The decision is among the first to establish the legal boundaries in Canada’s blogosphere, where the battle between left and right often devolves into flame wars.
The ruling concludes that the political blogosphere must be governed by existing laws, but it also recognizes that the Internet is a place of strongly worded opinion and hyperbole, where fair comment should be given a broad interpretation.
Cara Zwibel, director of the fundamental freedoms program at the Canadian Civil Liberties Association, an intervener in the case, said the ruling does not significantly depart from the established principles of defamation law. Although no new legal exceptions have been carved out for political blogs, she said, it does acknowledge that “the way expression happens in some of these forums is different.”
In her ruling, Polowin found that John Baglow, an Ottawa blogger known as Dr. Dawg, had been defamed by an August 2010 chat room post that referred to him as “one of the Taliban’s more vocal supporters.”
The statement was made on the Free Dominion website by Roger Smith, of Burnaby, B.C., in the course of an acrimonious debate about federal politics and the treatment of Canadian Omar Khadr, then a Guantanamo inmate.

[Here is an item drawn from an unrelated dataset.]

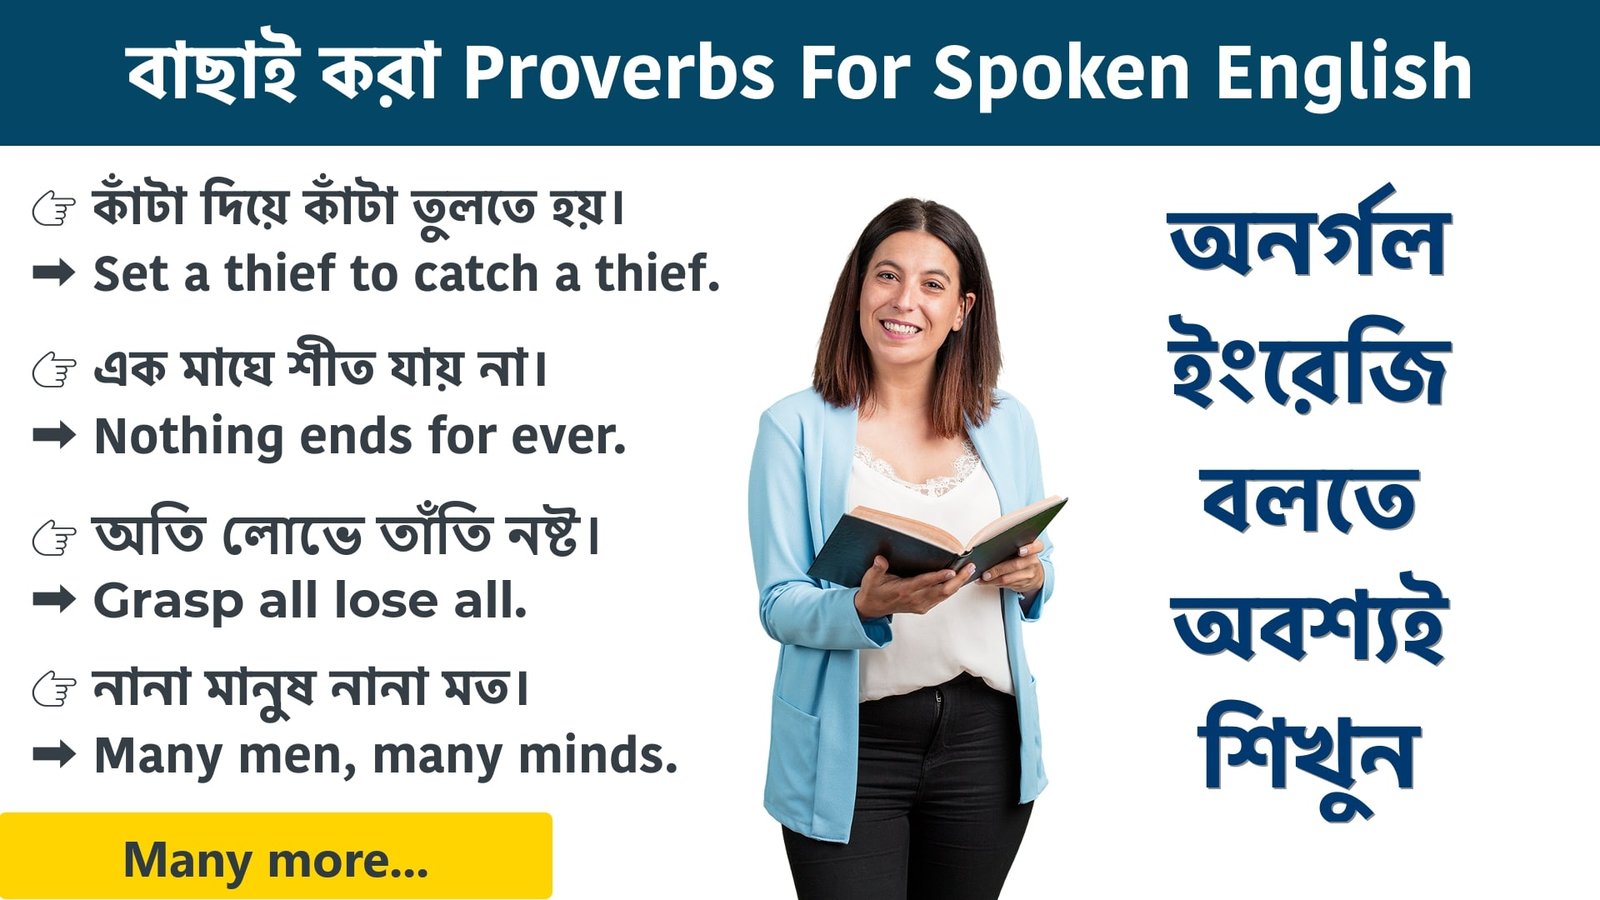 Proverbs with Bengali meaning Proverbs

In finding the words to be defamatory, Polowin rejected the argument of Free Dominion’s founders, Mark and Connie Fournier, who said they should not be held legally responsible for the messages that other people post on an open Internet platform. That position was supported by the Canadian Civil Liberties Association, which argued that holding website administrators liable for the content of message board postings would impair the free exchange of ideas on the Internet.

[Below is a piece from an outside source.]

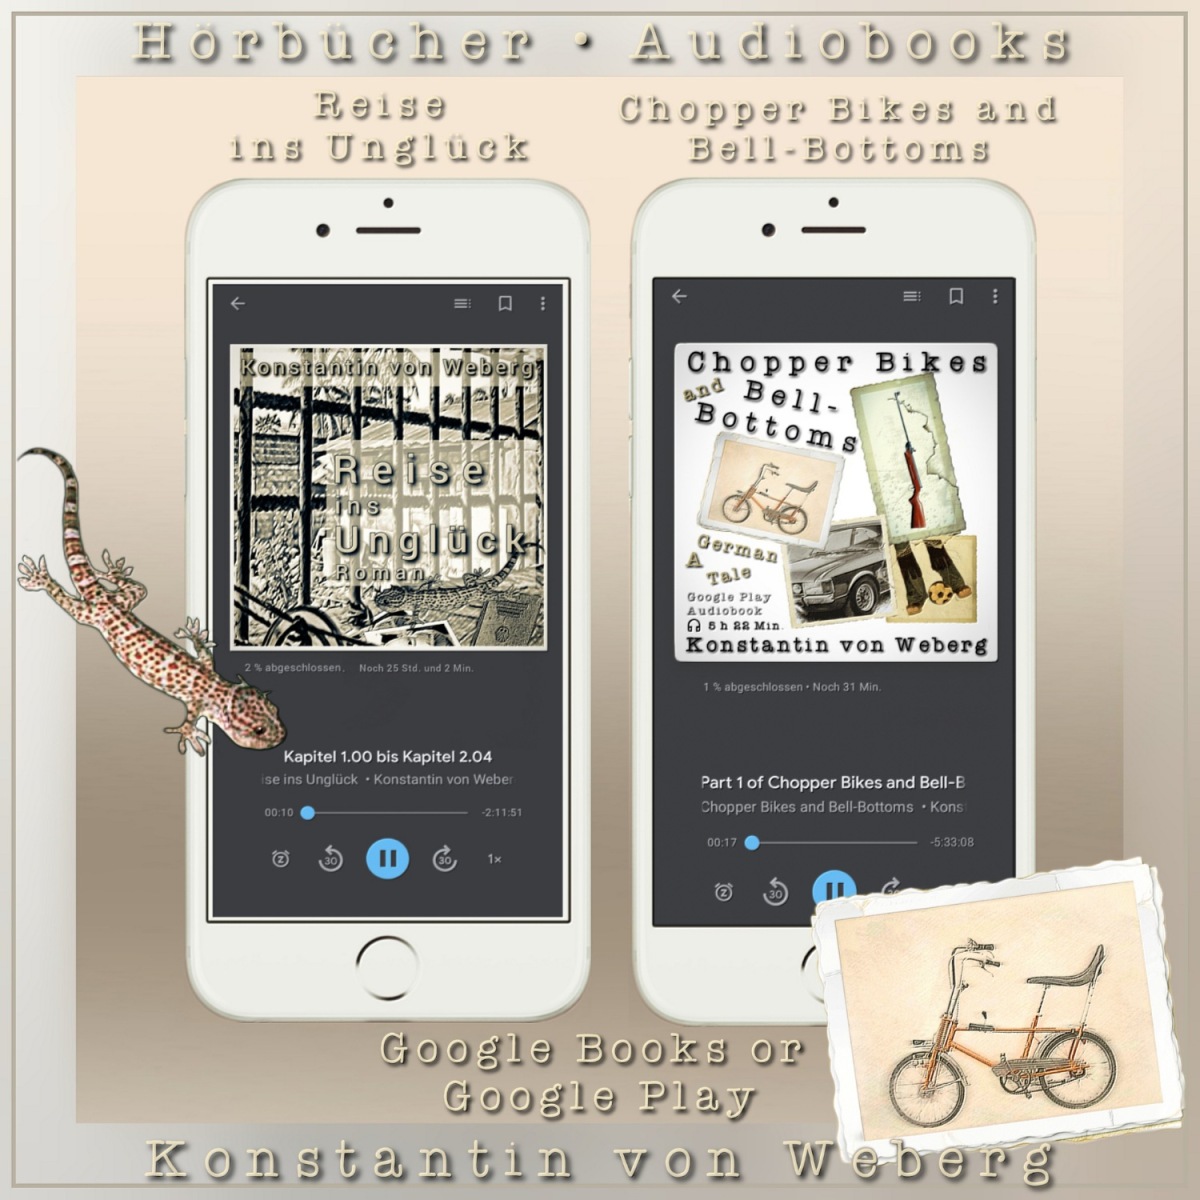 Ebooks and Audiobooks on Google Books, Google Play and Playstore • Not only for Android.

Polowin, however, said defamation law must balance two fundamental values: the worth of an individual’s reputation and freedom of expression. “To adopt the position of the defendants would leave potential plaintiffs with little ability to correct reputational damage and would impair that delicate balance,” she wrote.
The Fourniers also argued that the statement was not defamatory in the context of the political blogosphere, where profanity, insults and invective run wild. But Polowin rejected the notion that the Internet is too unruly to be governed by conventional defamation law.
“Implicit in their submissions is that based on the rough and tumble nature of these media platforms there would be little, if anything, that would tend to lower the plaintiff’s reputation in the eyes of a reasonable reader. However, there is nothing in the law of defamation to suggest that that is the case.”
Polowin concluded that Baglow’s reputation was damaged by the suggestion that he was a Taliban supporter. The judge, however, accepted the Fourniers’ argument that the defamatory words could be defended as fair comment in the blogosphere.
Fair comment can be used as a defence when the words at issue are based on fact and honestly expressed on a matter of public interest.
Baglow argued that Smith’s words were expressed, not as comment, but as a statement of fact. Polowin, however, said the impugned words appeared in the course a political diatribe. “The post itself was rambling, if not incoherent, touching on a number of different topics. It was in essence a rant, with Mr. Smith giving his views and opinions on any number of issues, none too clearly.”
The judge said Smith was commenting on a matter of public interest — the Khadr case — and honestly held the belief that anyone who supported the teenager, an enemy combatant in Afghanistan, supported the Taliban.
Polowin decided against awarding costs to either side in the bitterly fought case.
Baglow, a left-wing political blogger and former executive with the Public Service Alliance of Canada, called the ruling a split decision. “If one has to lose a lawsuit, this is probably the way to lose it,” he said.
Baglow said the judge found that he was defamed and endorsed many of the principles for which he was fighting. “The fact the blogosphere is not a place where rules are suspended — that the same law applies to them as to any other media — I think that’s a good thing to establish,” he said. “It means it’s not the wild west out there.”
Connie Fournier, a computer programmer who lives in Kingston, said she was pleased with the outcome of the case. “I hope people will calm down when it comes to trying to sue each other over things said online,” she said. “Because you are not going to change the culture: The culture is what it is.”
Online commenters, Fournier said, are likely to write things they would not say in person since “they’re sitting at their computers, they’re uninhibited — and they’re probably having a beer while they do it.”
Neither side has any plan to appeal the judgment.